348 In these circumstances, if the appeals from the Commissioner’s objection decisions are to be remitted to the Tribunal for re-hearing, they should be heard without the hearing of further evidence. There is no warrant for effectively starting the proceedings from the beginning.
349 I recognise the relevance to this issue of the conclusion in these reasons that the evidence adduced by the taxpayers before the Tribunal was insufficient to satisfy the onus under s 14ZZK(b)(i) of the TAA. However, that was made in the context of the Commissioner’s submissions that the appeals should not be remitted to the Tribunal for further hearing and, as that submission failed and the relief sought by the Commissioner in that respect has been rejected, any Tribunal re-hearing the appeals will make of those conclusions what it will.

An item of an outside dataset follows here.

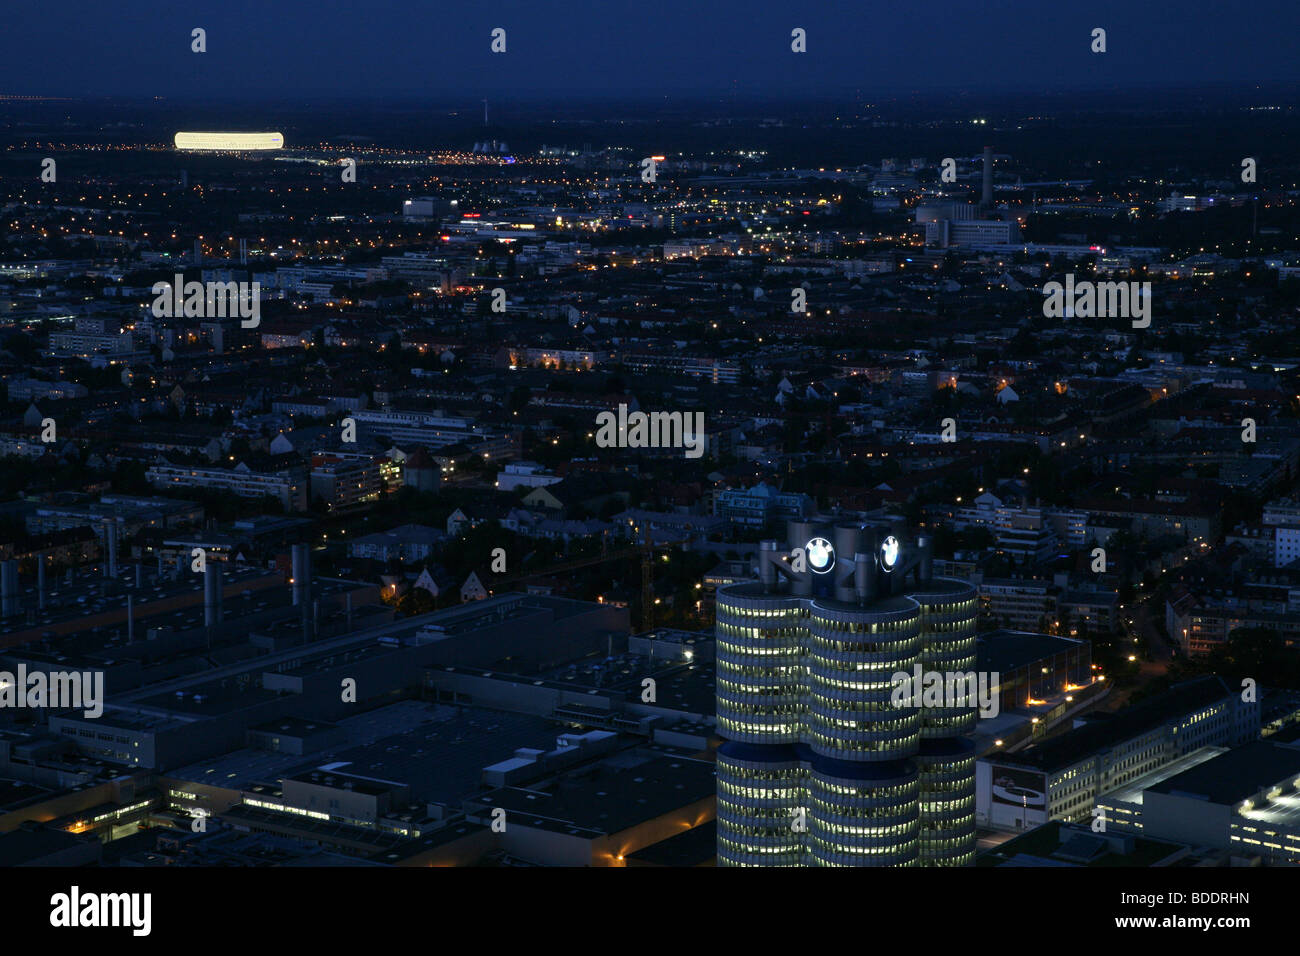 The BMW headquarters building and in the distance the FC Bayern football stadium at night. Munich, Germany. Stock Photo

350 Whilst it is appreciated that the conclusion that the matters be remitted for a re-hearing may seem somewhat impractical and unproductive, that is unavoidable in the context of the unusual circumstances of this case. In any event, given that the appeals to the Tribunal are to be reheard without the hearing of further evidence, any reconsideration before the Tribunal should not be prolonged.
351 The parties asked to be heard on the question of costs once they have had an opportunity to consider these reasons. In those circumstances, they should be allowed a period of time to make submissions as to the appropriate orders in relation to costs and, thereafter, an appropriate time to make submissions in reply to their opponent’s submissions.